- _DIRECTIONS FOR THIS TASK_: Images are to be excluded, and the rest of the data repeated exactly.

- _INFORMATION SUPPLIED_:
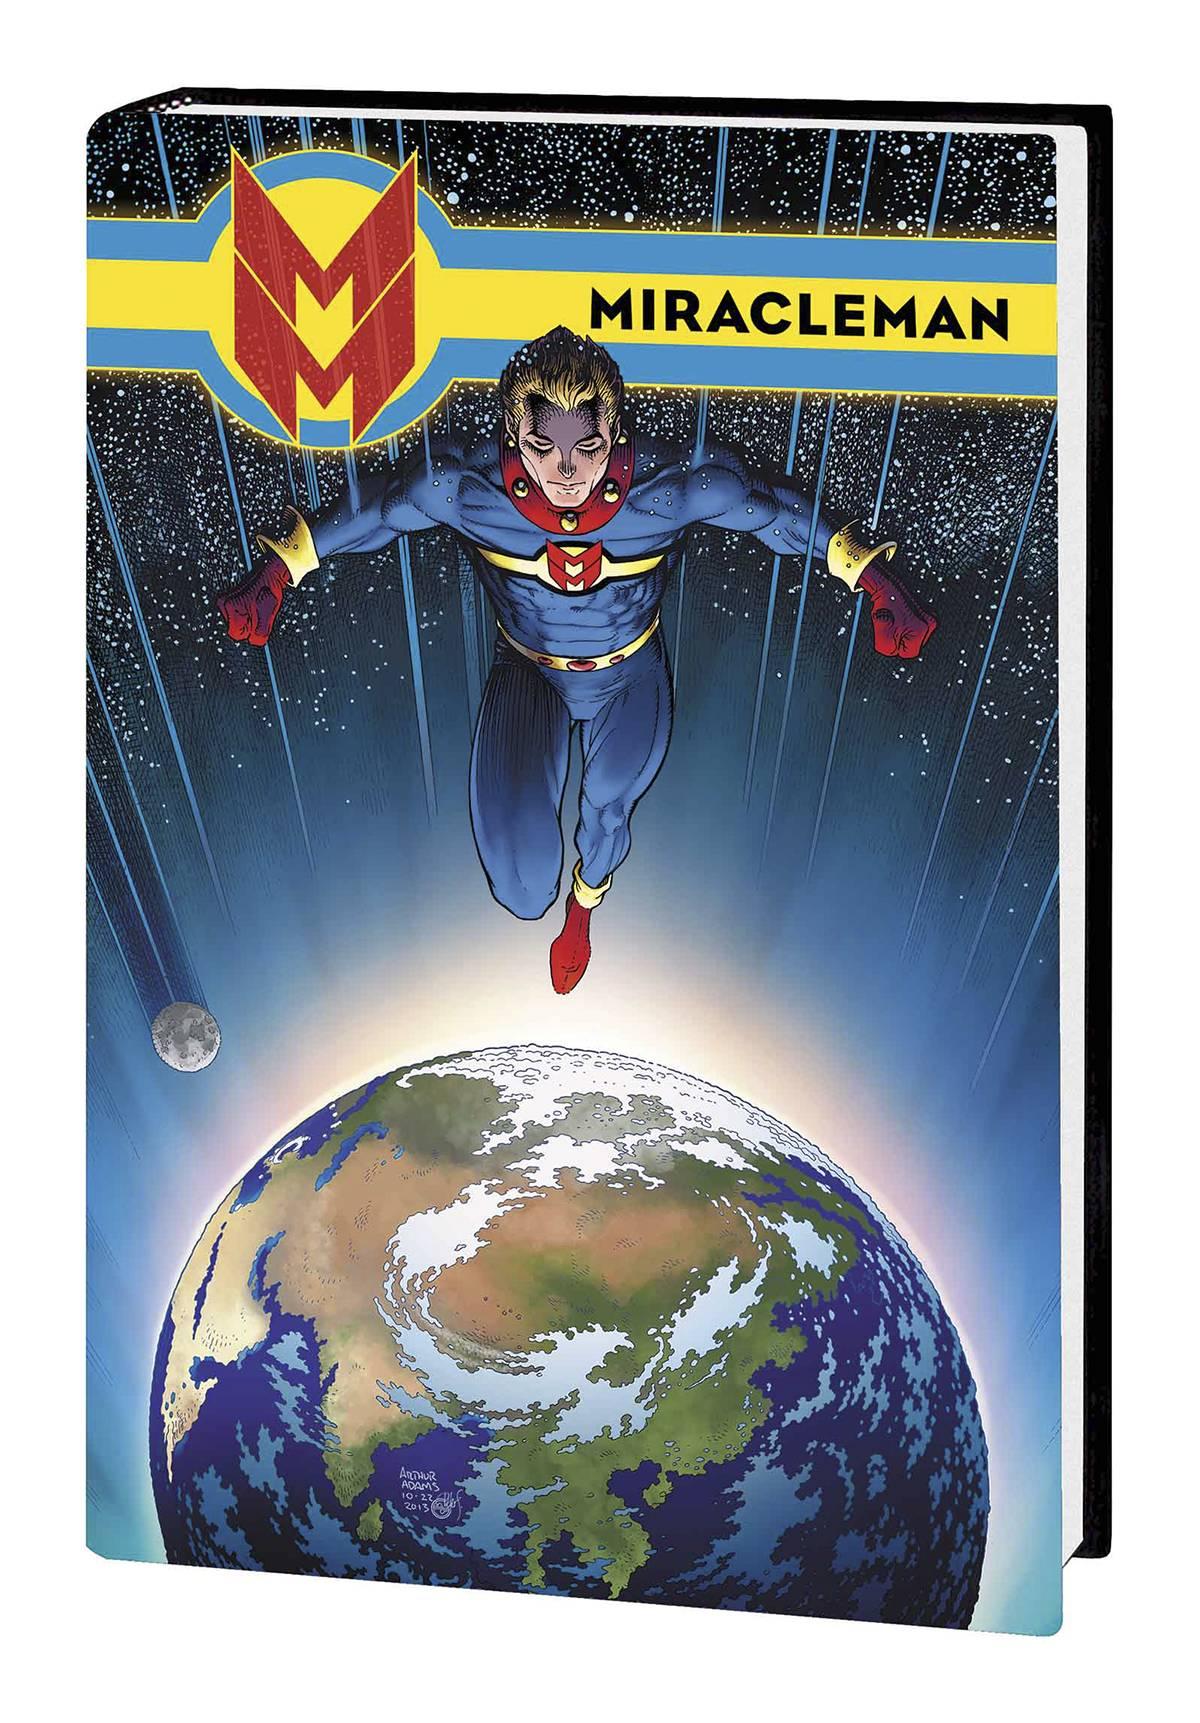 MIRACLEMAN PREM HC BOOK 03 OLYMPUS DM TOTLEBEN VAR ED (MR)
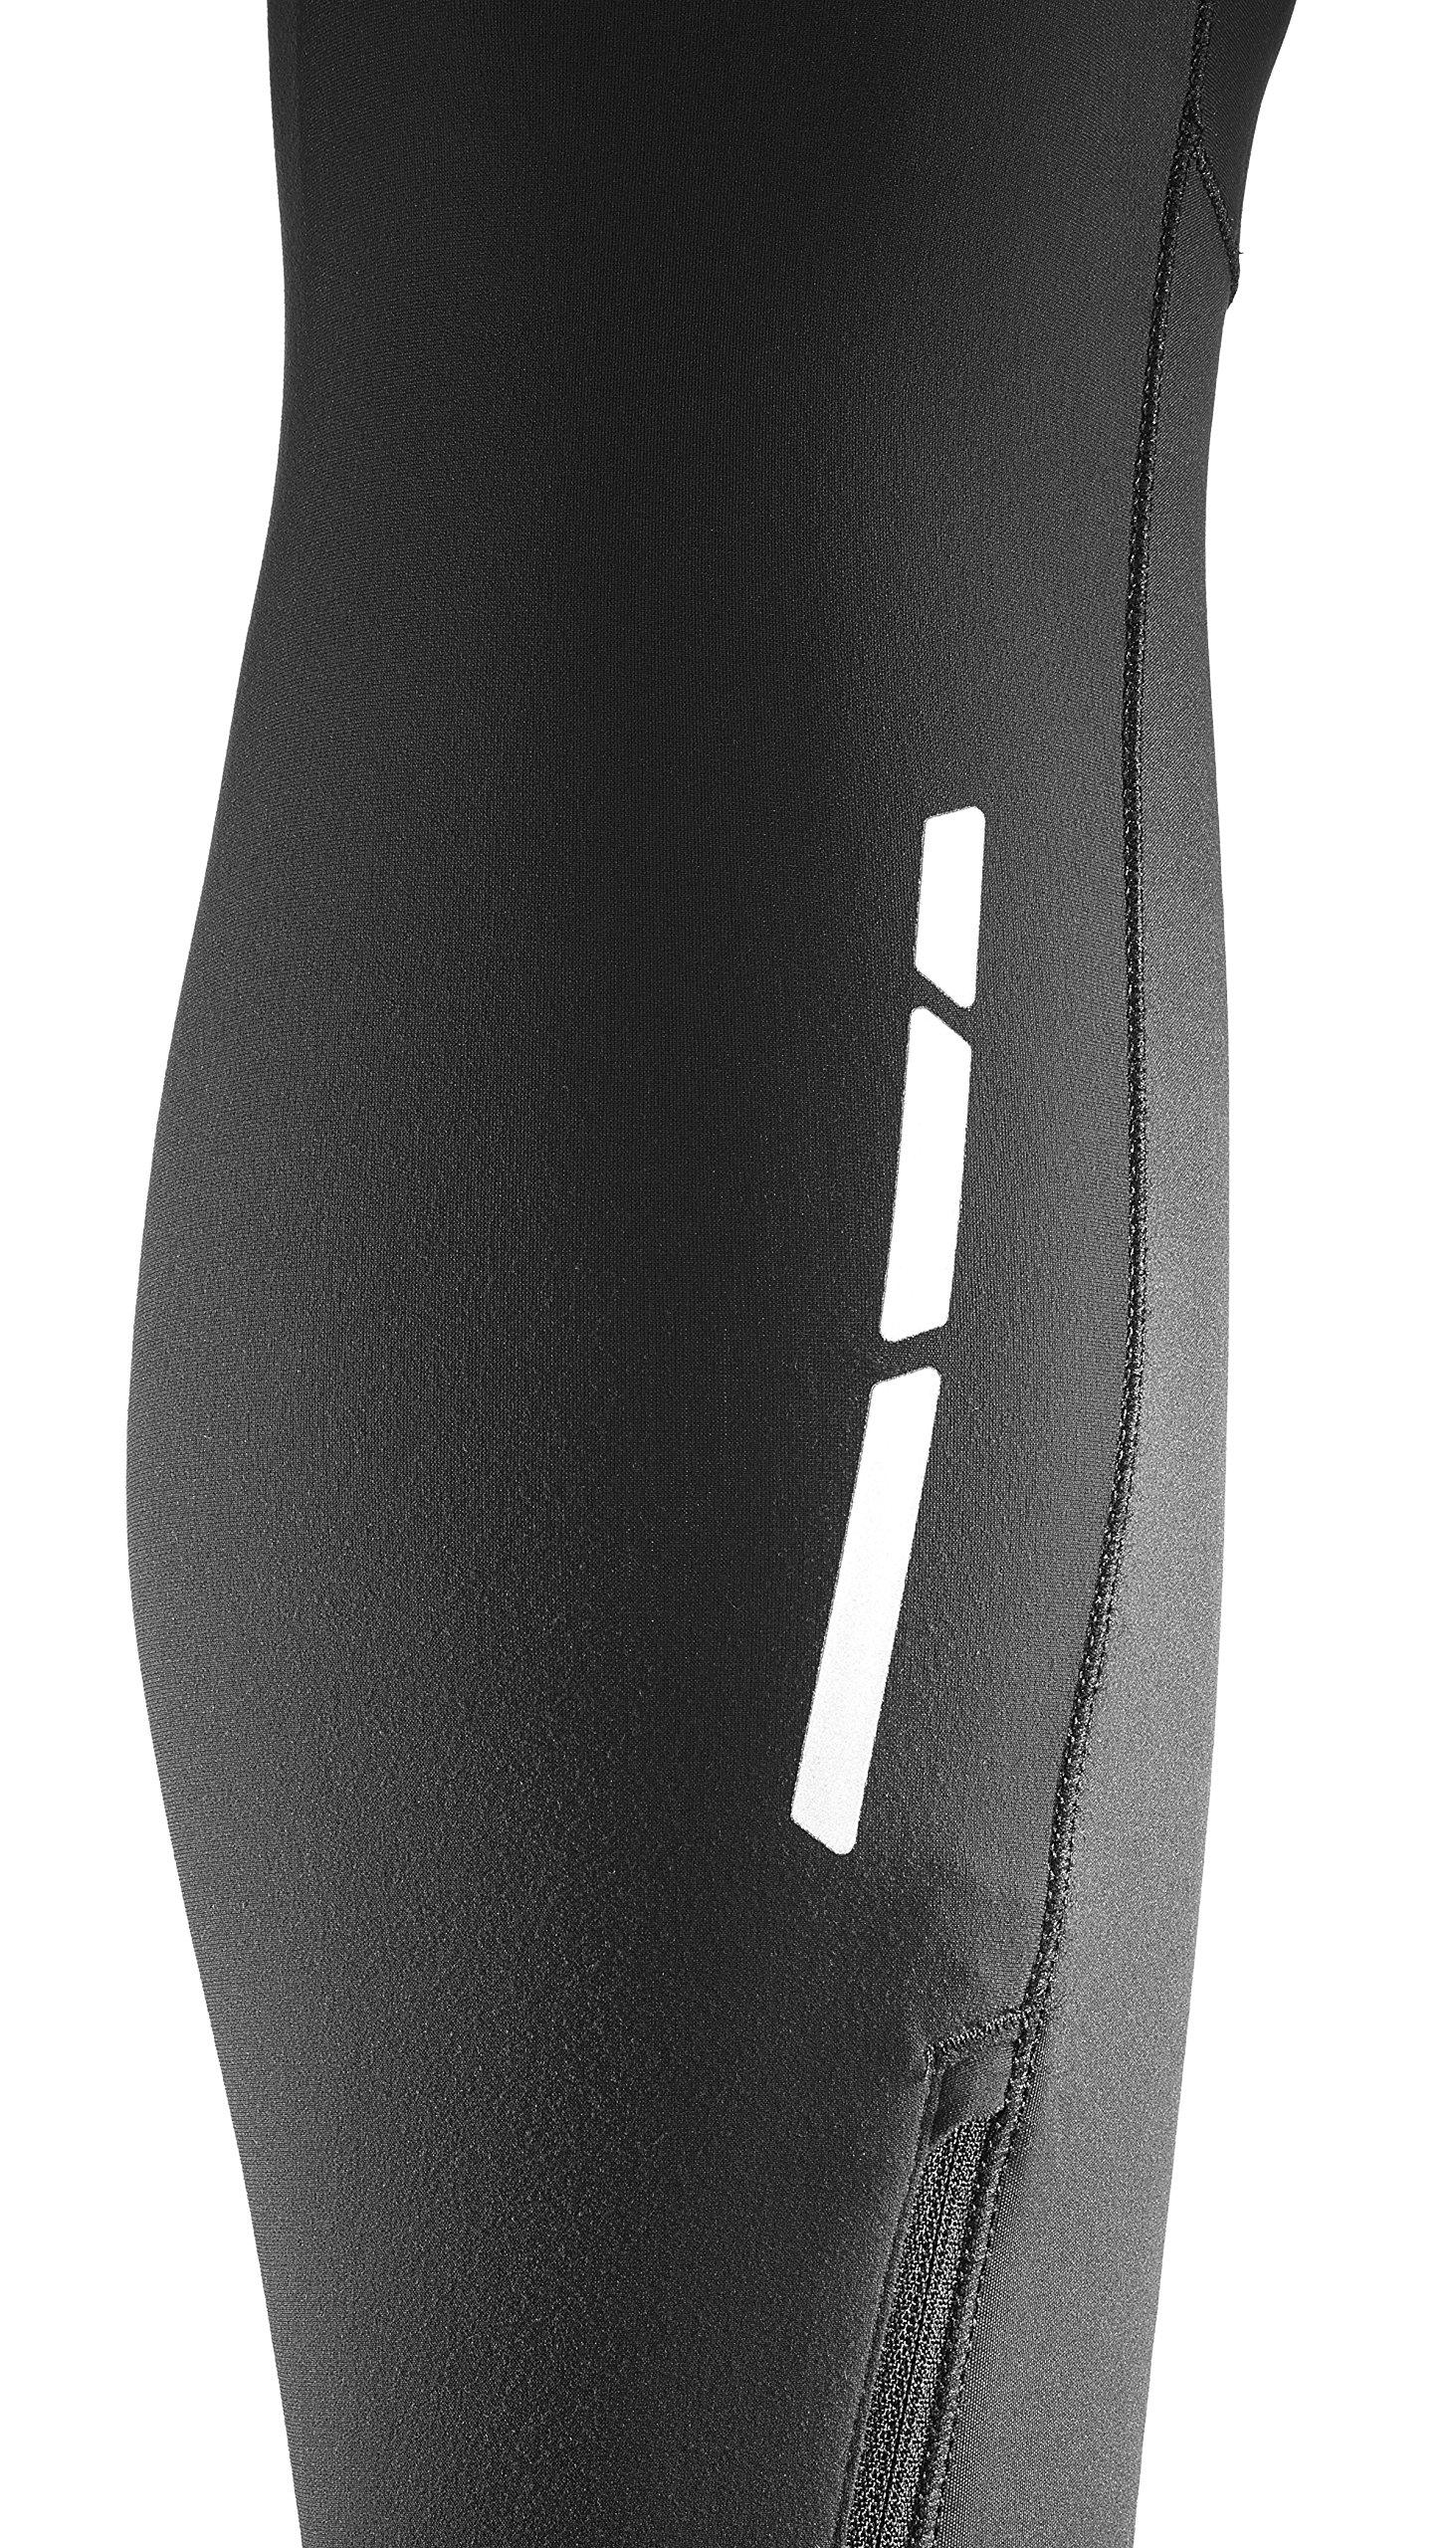 Salomon Men's Trail Runner WS Tight, Black, Large by Salomon (Image #5)
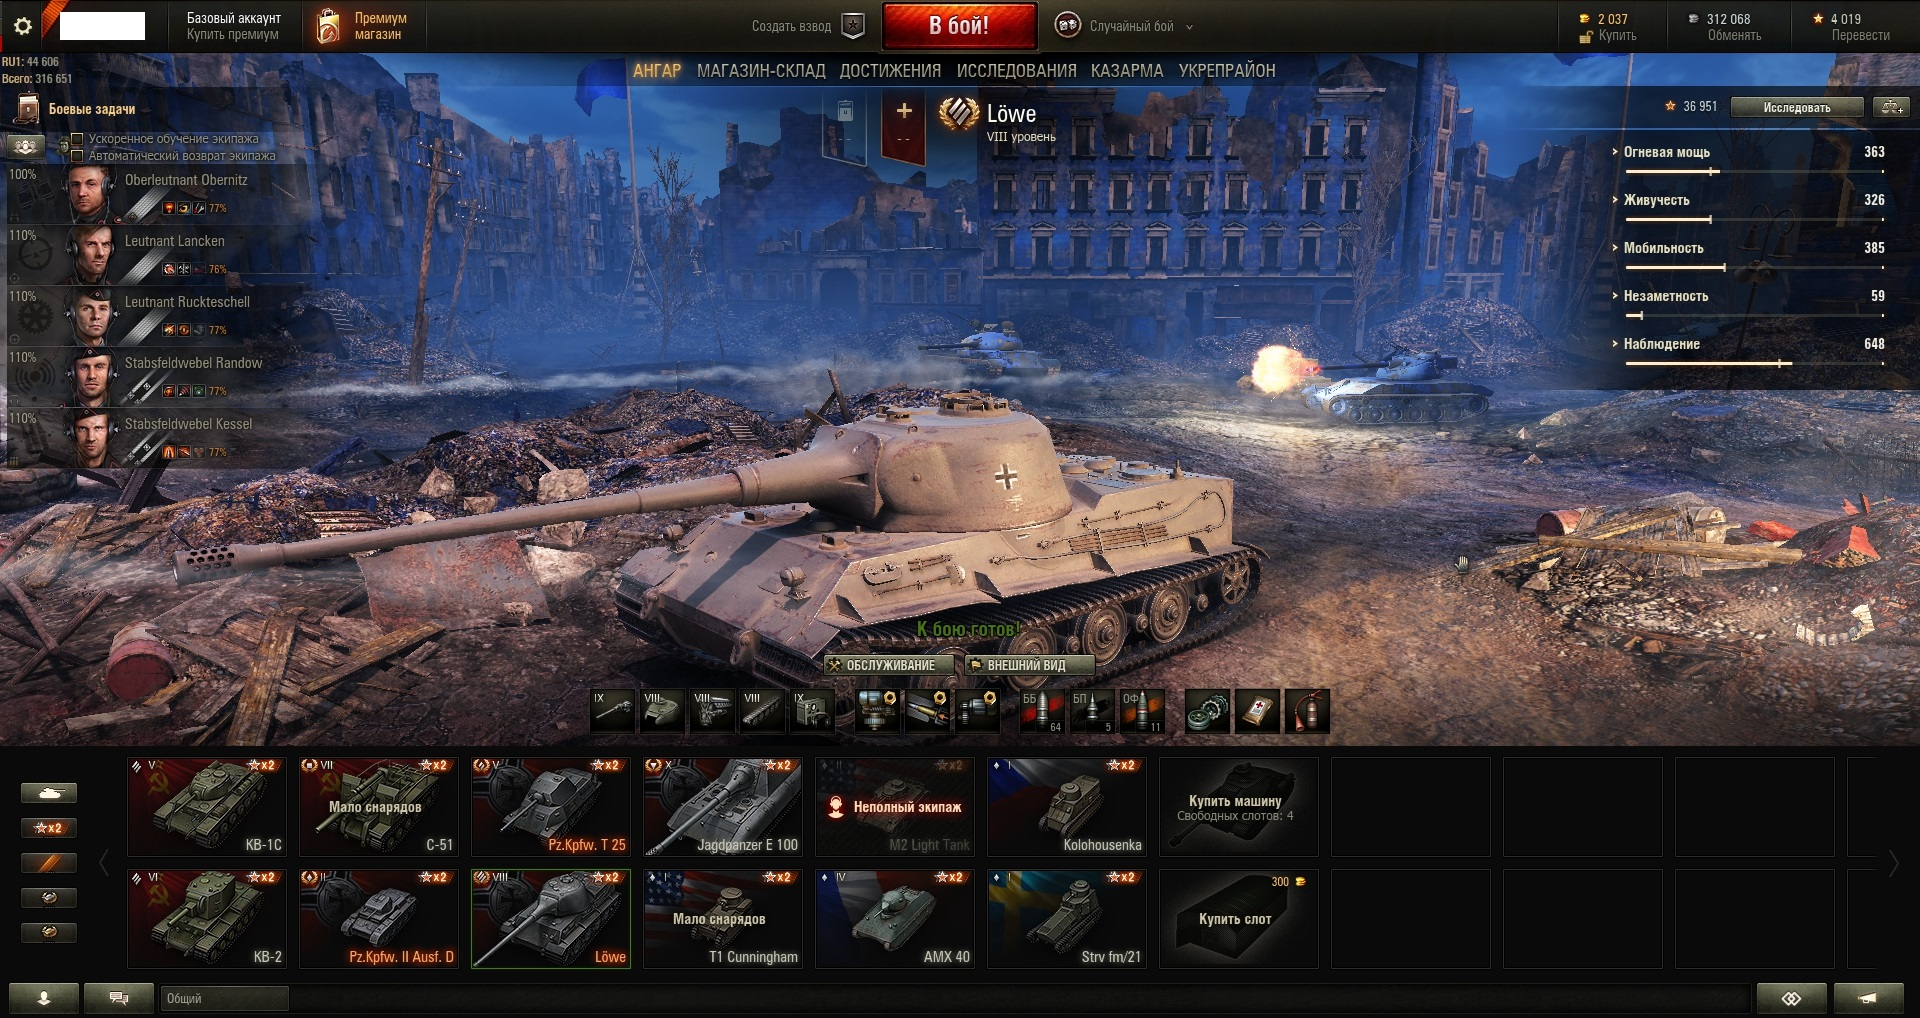 Steampay world of tanks аккаунты m4a1 s или m4a4

- _OUTPUT OF THE TASK_:
 MIRACLEMAN PREM HC BOOK 03 OLYMPUS DM TOTLEBEN VAR ED (MR)
 Salomon Men's Trail Runner WS Tight, Black, Large by Salomon (Image #5)
 Steampay world of tanks аккаунты m4a1 s или m4a4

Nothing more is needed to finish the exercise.